ALOHA to the form. check belts. check the auger gear box for oil level it runs 80-90 non synthetic gear oil. make sure to check for loose bolts, put air in tires, check and adjust if needed the scraper and skid height. lube the chute teeth with black grease. make sure all the controls are up to snuff. let me know if you have any more questions. MAHALO


----------



## detdrbuzzard (Jan 20, 2012)

Hello mryank, welcome to SBF and congrats


----------



## mryank9 (Feb 6, 2014)

thanks guys! I think I'll run her tomorrow or friday after the storm and see how she does..checked the oil and put some air in the tires just to start..one side of the handle is a little loose down at the bottom where there are 2 bolts, one seems loose.

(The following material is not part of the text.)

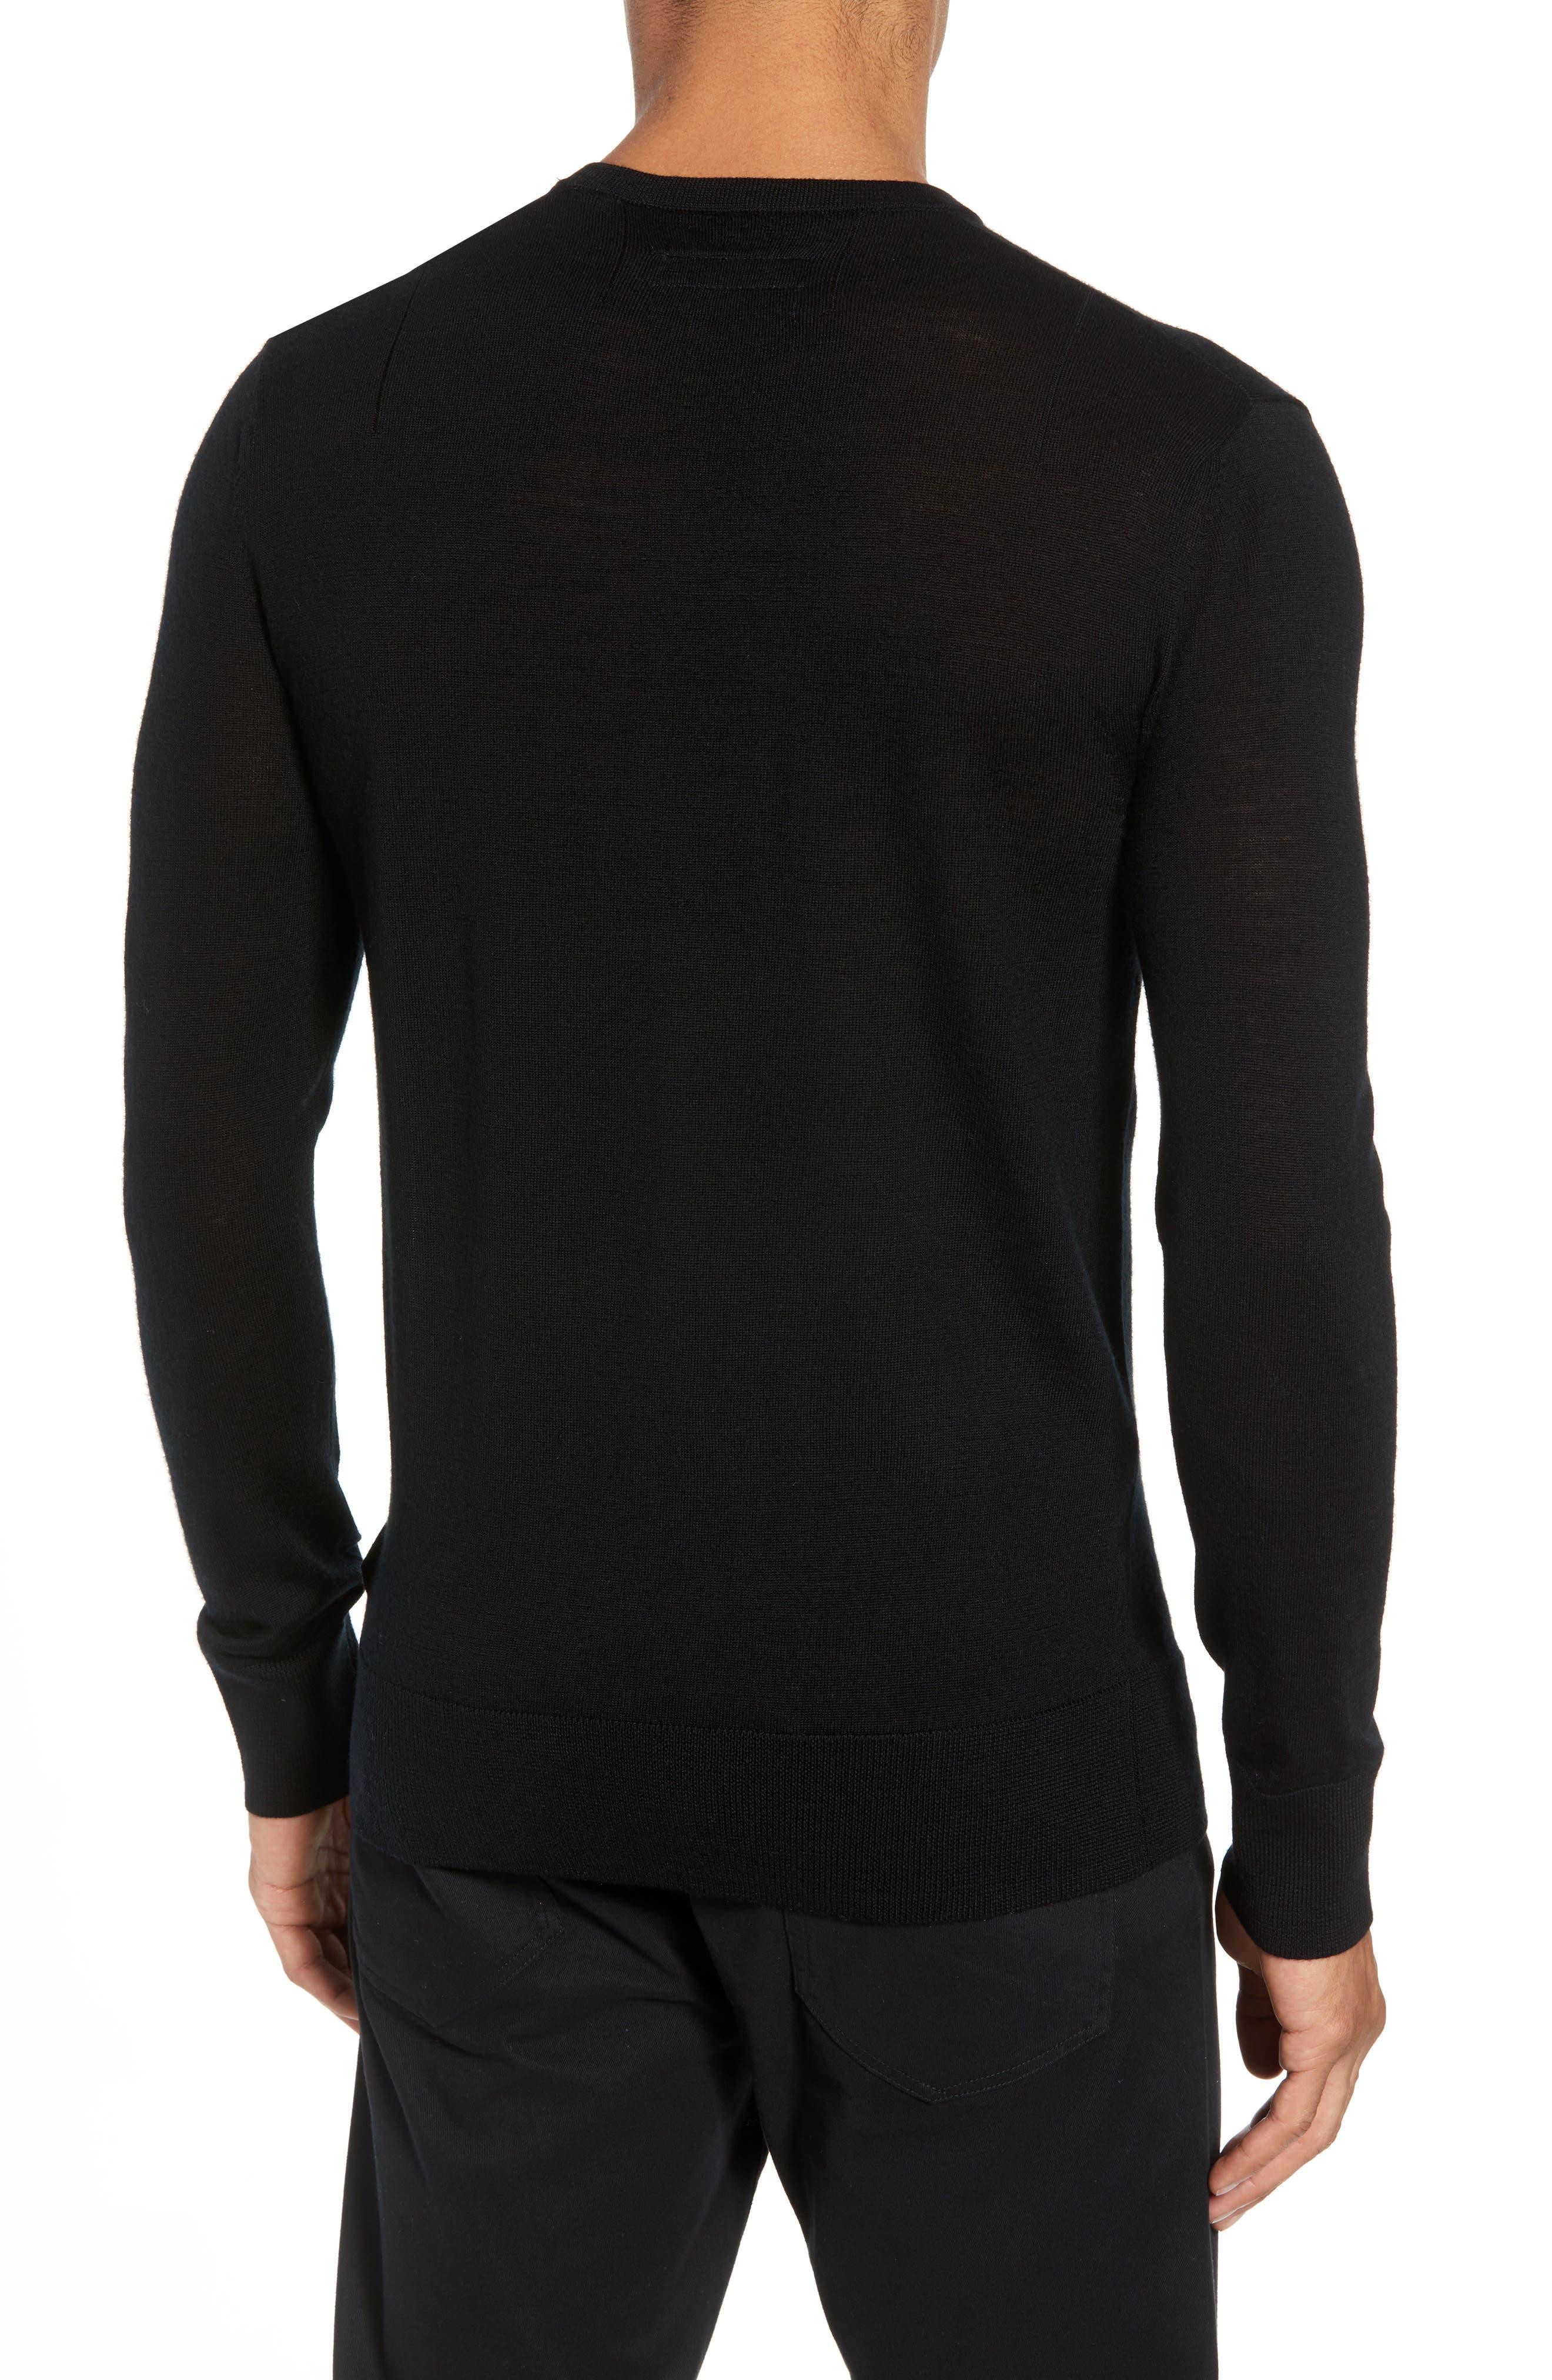 Mode Slim Fit Merino Wool Sweater,                             Alternate thumbnail 2, color,                             Black
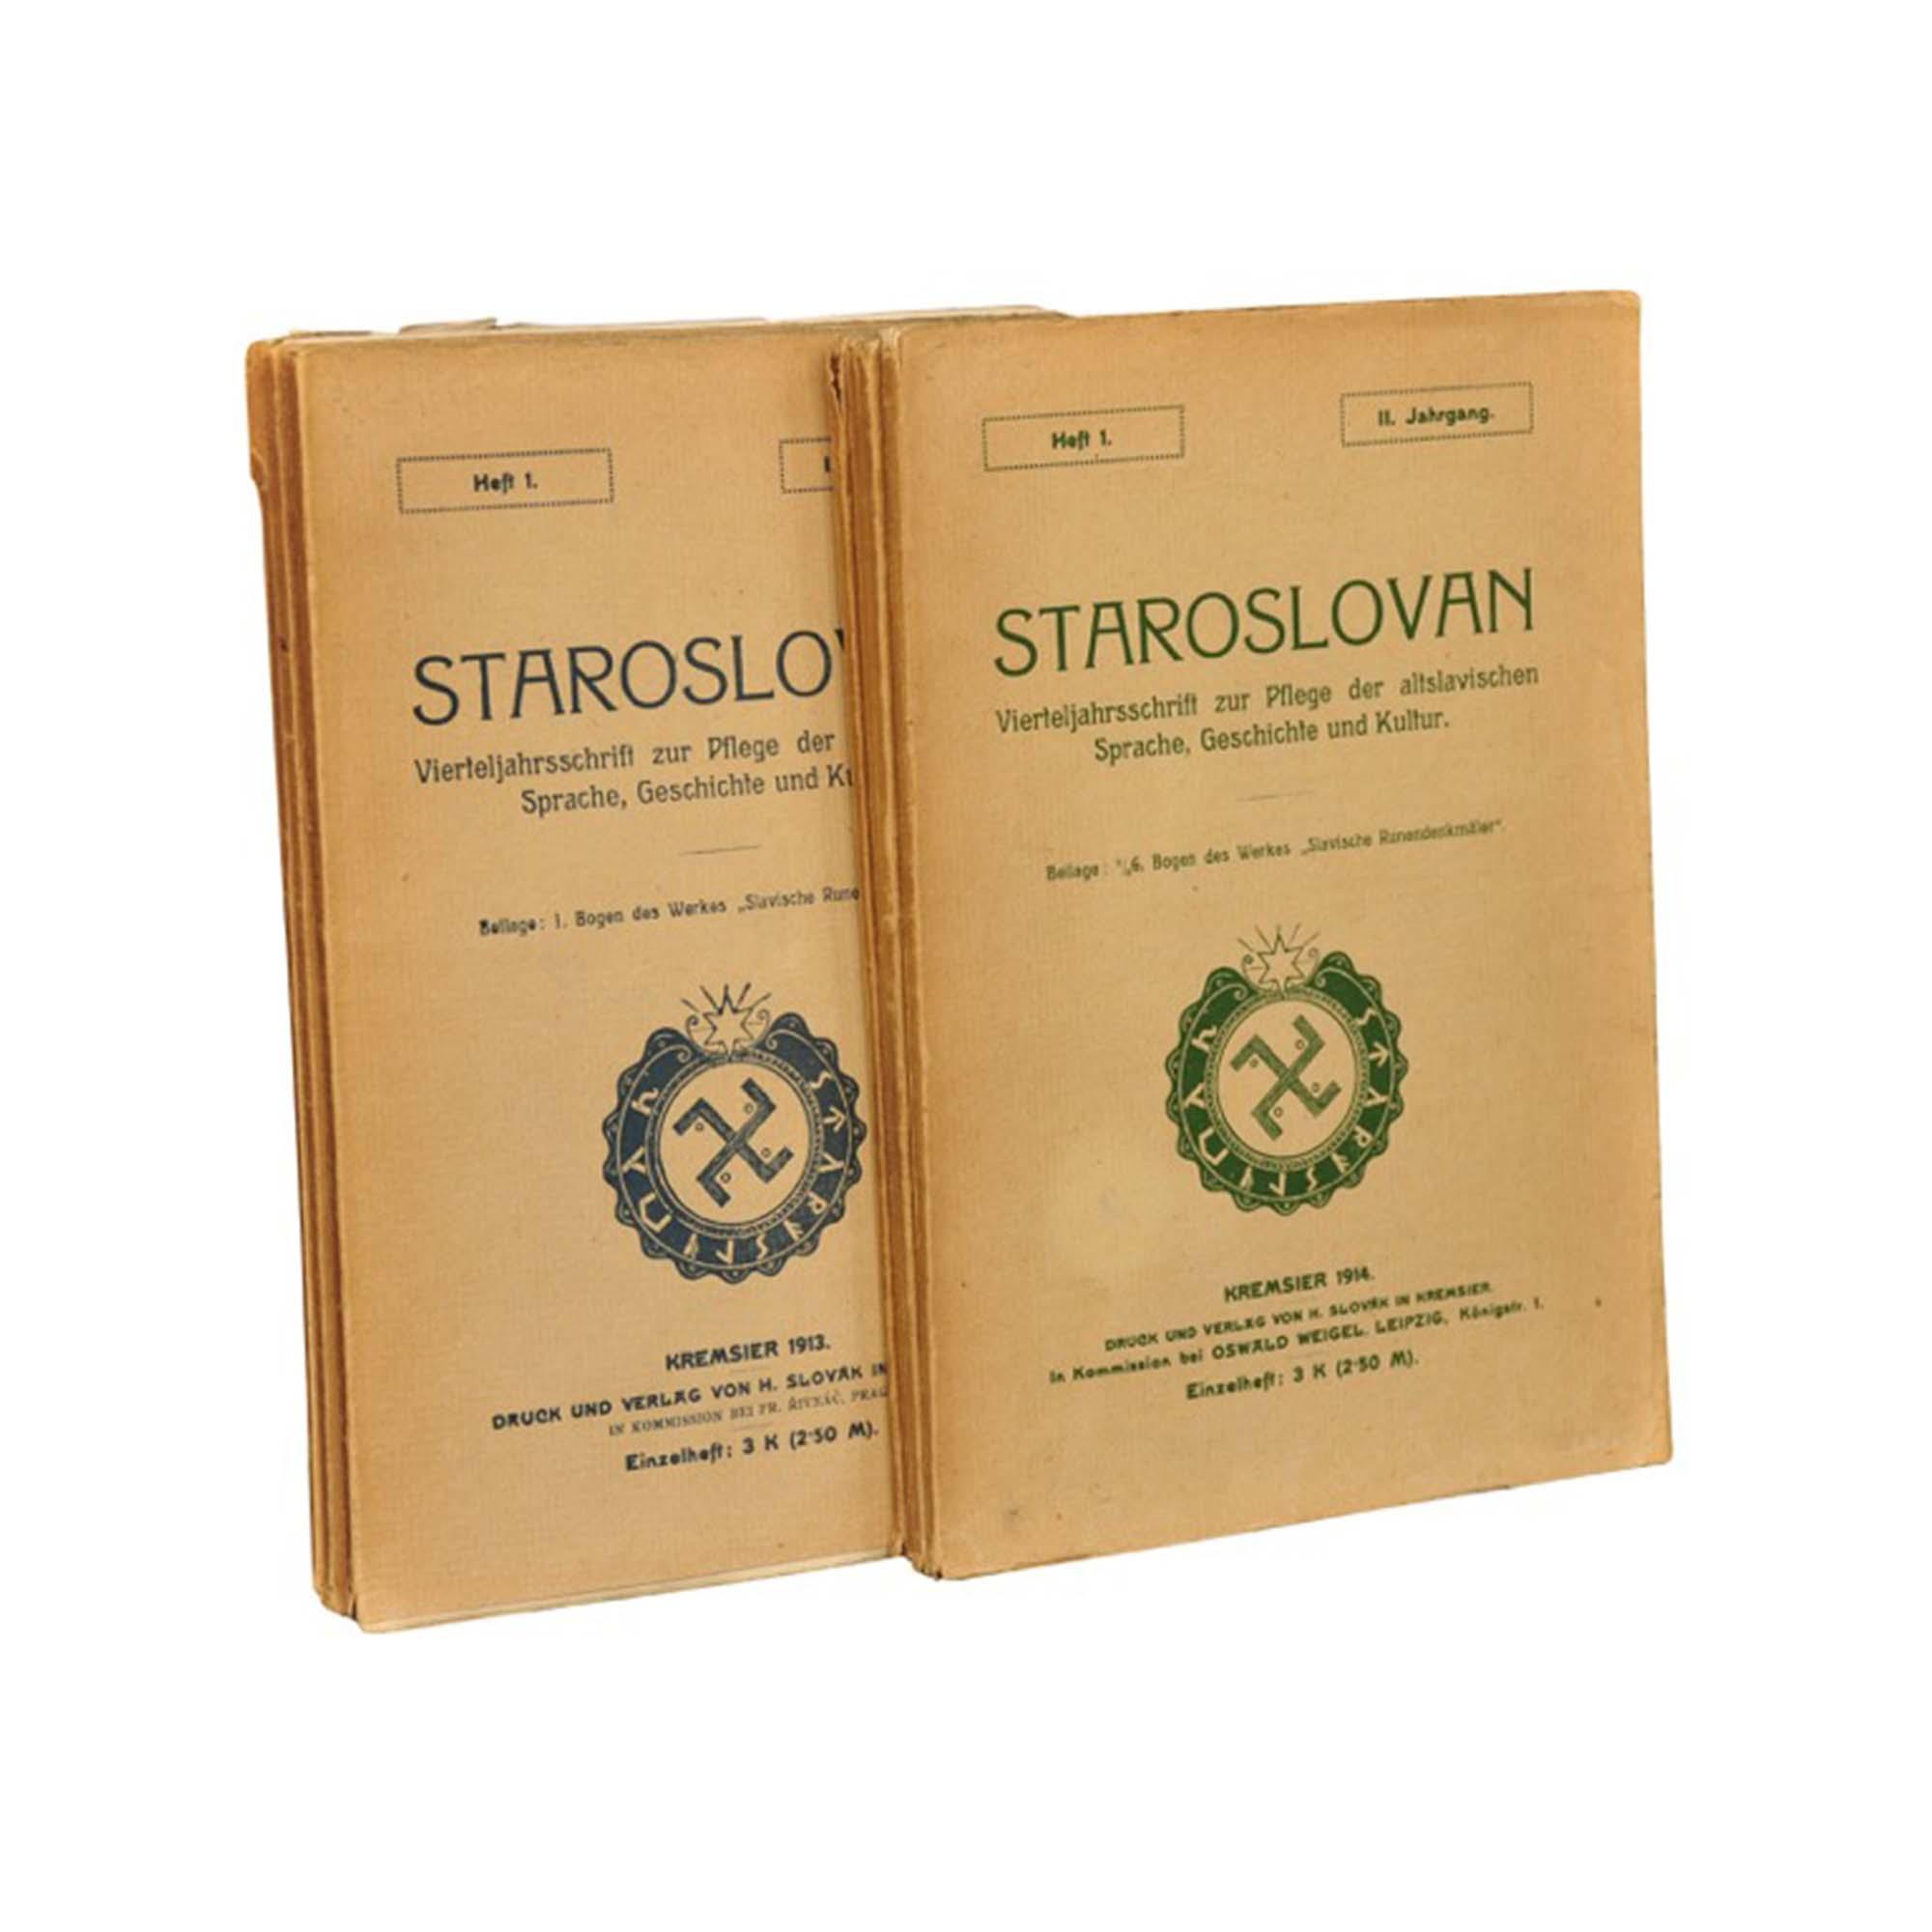 1197-Staroslovan-1913-1914-1-N.jpeg

Is it just a quick tighten?


----------



## fibersport (Feb 6, 2014)

Might be a dumb question but what makes an 824 XL an 824 XL? Obviously the Powershift has the moveable axle but what about the XL?


----------



## UNDERTAKER (Dec 30, 2013)

the xl line was a a type of hybrid. it had the powershift bucket. with the standard friction disk drive. and at a way lower price MAHALO


----------



## mryank9 (Feb 6, 2014)

Any pros and cons to the XL? Seems to be a pretty good machine from what I've read..I sure hope so!


----------



## UNDERTAKER (Dec 30, 2013)

no not really. it was just for people that did not want that monster powershift. they are the same except for the price toro had to have a middle line to. the powershift was the top of the line back in the day.


----------



## threeputtpar (Jan 16, 2014)

Check to see if you can pull the klik pins and remove the wheels. If you can, pull them off at the end of the season and grease the shaft so they don't rust weld together. I have that problem with the Powershift I picked up and will probably need to take out the entire axle assembly and use a press to get the wheels off of the axle.


----------



## threeputtpar (Jan 16, 2014)

mryank9 said:


> Any pros and cons to the XL? Seems to be a pretty good machine from what I've read..I sure hope so!


 
No cons, only pros. You get the bucket and longer discharge chute of the Powershift, without the added weight of the Powershift's trans and running gear. If I could have found a average XL, I would have bought that instead of a Powershift.


----------